In summary, the increased rainfall in the months leading up to the collapse acted as the primary triggering factor, causing an increase in saturation and pore pressure in the surface materials, which led to a reduction in shear strength. Simultaneously, the weak geotechnical behavior of the colluvial deposit and the persistence of structural discontinuities facilitated the development of a rotational slide and the displacement of the material. The relationship between the rainfall anomalies, the geophysical evidence of high saturation, and the results of the slope stability analysis confirm the fault mechanism proposed in the present study.

6. Conclusions

Landslides in Ecuador occur more frequently during periods of intense rainfall associated with El Niño and La Niña events. Under these conditions, the soils on slopes remain saturated for extended periods, increasing their susceptibility to failure and making it more likely that an existing mass movement will increase in magnitude during a seismic event. In this context, the landslide that occurred on 23 April 2023 was directly related to an anomalous excess of accumulated rainfall during the first four months of the year, reaching some 303 mm in March of 2023.
Through geotechnical characterization of the area, it is determined that the geology is composed of colluvial and alluvial deposits overlying highly weathered Miocene shales and siltstones. This lithological configuration favored the development of a semicircular or silty landslide, which subsequently evolved into mudflows, primarily affecting silty-clayey soils with soft, highly plastic clasts and inclusions of completely weathered schist. These materials correspond to a “C” type profile, characterized by low cohesion and high plasticity under saturated conditions, which contributes to their high propensity for landslides and evolution into mudflows.
Furthermore, by integrating geophysical methods such as ERT, seismic refraction, MASW, and VES, along with numerical back-analysis, which allowed for modeling the landslide mechanism according to the data obtained, the stability analysis revealed that the current slope exhibits critical instability, with safety factors of 1.290 under static conditions and 0.522 under pseudo-static conditions, values significantly lower than the minimums required by Ecuadorian regulations. The proposed design, based on a system of micropiles combined with stepped terraces, demonstrated a significant improvement in slope stability, achieving safety factors of FS = 2.515 under static conditions and FS = 1.062 under pseudo-static conditions. These fully comply with the requirements established by NEC-15. This also completely verifies compliance with the minimum requirements established by the standard, corroborating the efficiency of the proposed design in improving slope stability.
Finally, it is proposed to complement the stabilization by installing a surface and subsurface drainage system adapted to the new slope conditions. This system is essential to ensure the efficient evacuation of rainwater and infiltration, preventing the accumulation of pore water pressure and the loss of shear strength. Additionally, the application of chemical stabilization techniques is recommended, using hydraulic binders such as lime, to improve the mechanical properties and durability of the highly plastic soils present in the area.

Author Contributions

Author Contributions: Conceptualization, M.M. and N.R.-C.; methodology, M.M., N.R.-C. and K.C.; software, M.M. and N.R.-C.; validation, T.T.; formal analysis, M.M. and N.R.-C.; investigation, M.M., N.R.-C., K.C. and T.T.; resources, M.M. and N.R.-C.; data curation, K.C. and T.T.; writing—original draft preparation, M.M. and N.R.-C.; writing—review and editing, T.T.; visualization, M.M., N.R.-C. and K.C.; supervision, K.C.; project administration, K.C. and T.T.; funding acquisition, M.M. and N.R.-C. All authors have read and agreed to the published version of the manuscript.

Funding

This research received no external funding.
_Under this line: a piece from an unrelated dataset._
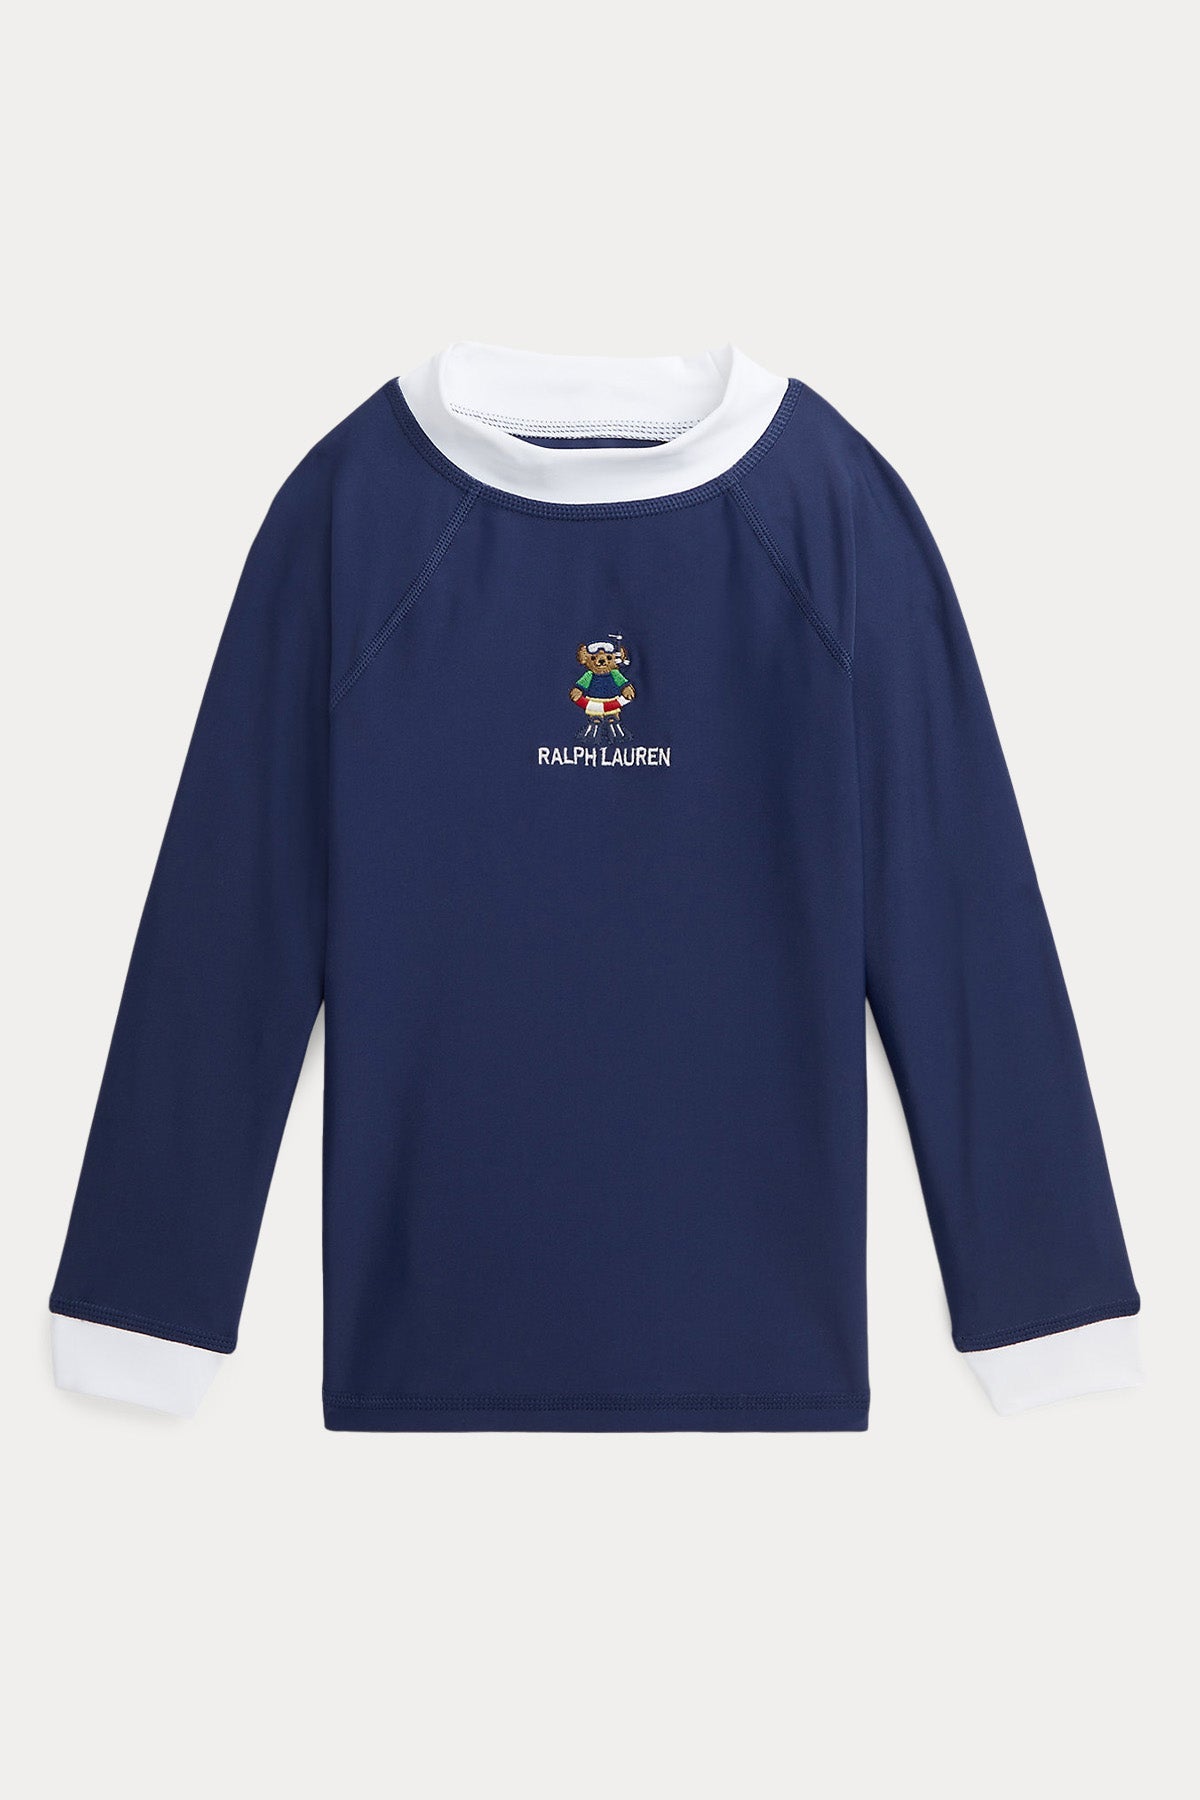 Polo Ralph Lauren Kids 2-4 Yaş Erkek Çocuk Polo Bear Likra T-shirt

Data Availability Statement

None available.

Acknowledgments

We express our gratitude to the Technical University of Manabí, the Municipality of Portoviejo, and the Risk Management Secretariat for their technical and logistical support, especially to engineers Ademir Macías, María Fernanda Quiñonez, and Gabriela Solis. We also thank Isela Salinas and David Stay for their assistance in the numerical modeling. We would like to extent our acknowledgments to the four anonymous expert reviewers, whose comments improved our manuscript significantly.

Conflicts of Interest

The authors declare no conflicts of interest.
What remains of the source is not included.